Sunday, January 01, 2012

A Disturbance in the Force

Bob Anderson, the Marni Nixon of cinematic swashbuckling, has become more powerful than we can possibly imagine at the age of 89. The common perception of Darth Vader is that David Prowse provided the hulking presence while James Earl Jones gave him his testicle-shrinking voice. In reality, so much badassery could not be the product of just two men.
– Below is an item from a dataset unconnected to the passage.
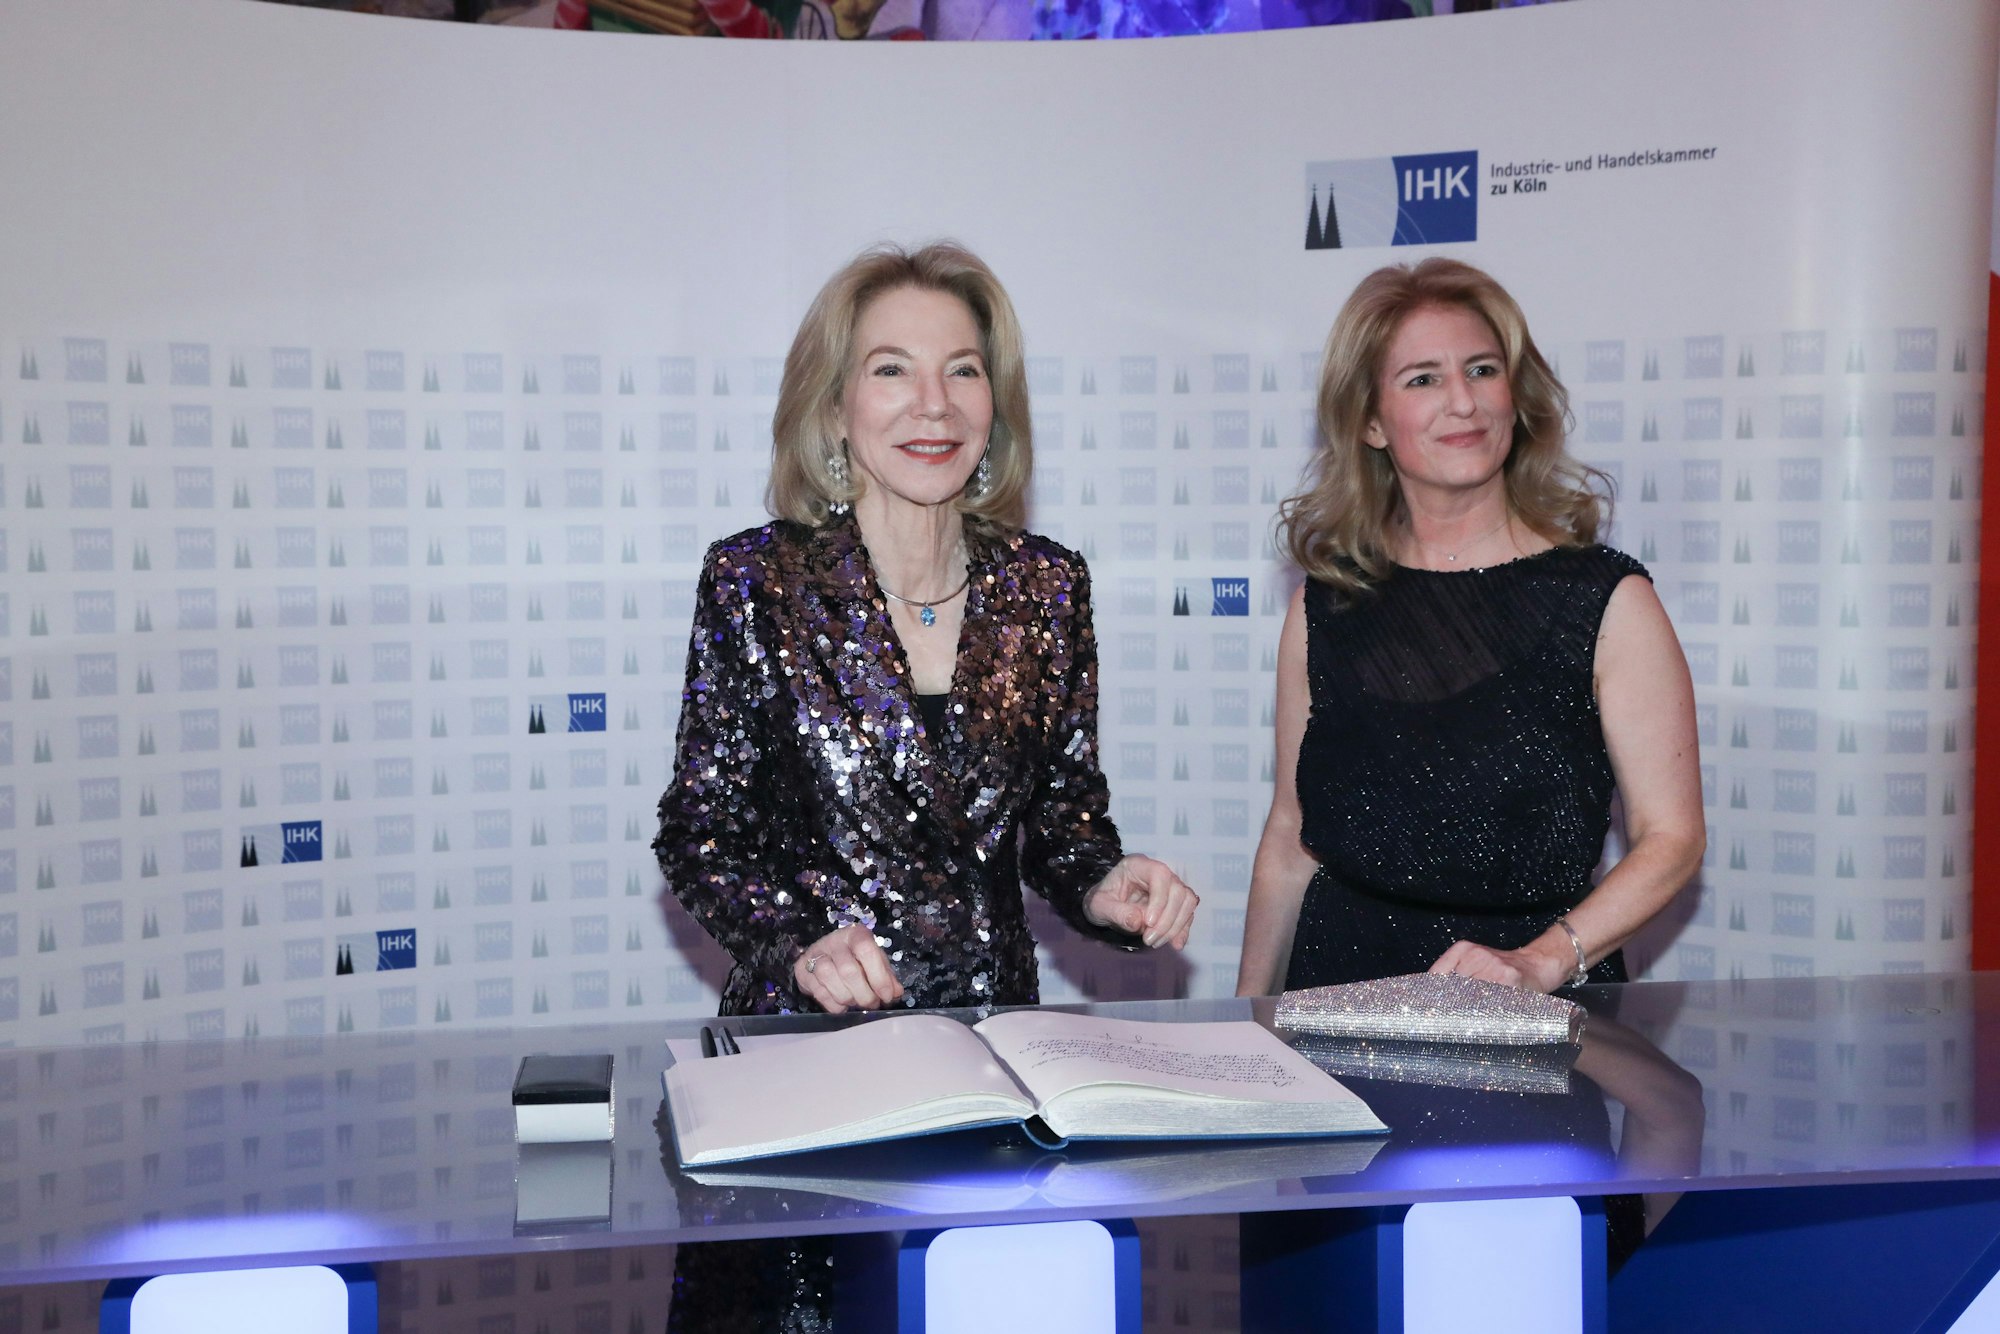 Nicole Grünewald, IHK-Präsidentin (r.), gemeinsam mit US-Botschafterin Amy Gutmann beim IHK-Neujahrsempfang in Köln am 12. Januar 2023.

Enter Anderson, a member of the British Royal Marines during World War II and a member of the 1952 Olympic fencing squad, to add a dash of Inigo Montoya to The Empire Strikes Back and Return of the Jedi. While Sarah Lane couldn’t pull back the curtain on The Black Swan fast enough, Anderson, being a British member of the Greatest Generation, kept his stiff upper lip in the background. His sole acknowledgement: a cameo role as an Imperial Officer who doesn’t even get choked to death, until Mark Hamill disclosed his role in interviews following the release of Return of the Jedi, the only example of beneficial retroactive tinkering to the Star Wars franchise. Anderson’s influence draws a fencing line from Errol Flynn in The Master of Ballantrae through several iterations of James Bond, across Middle Earth in the Lord of the Rings trilogy to Florin with The Princess Bride and into a galaxy far, far away.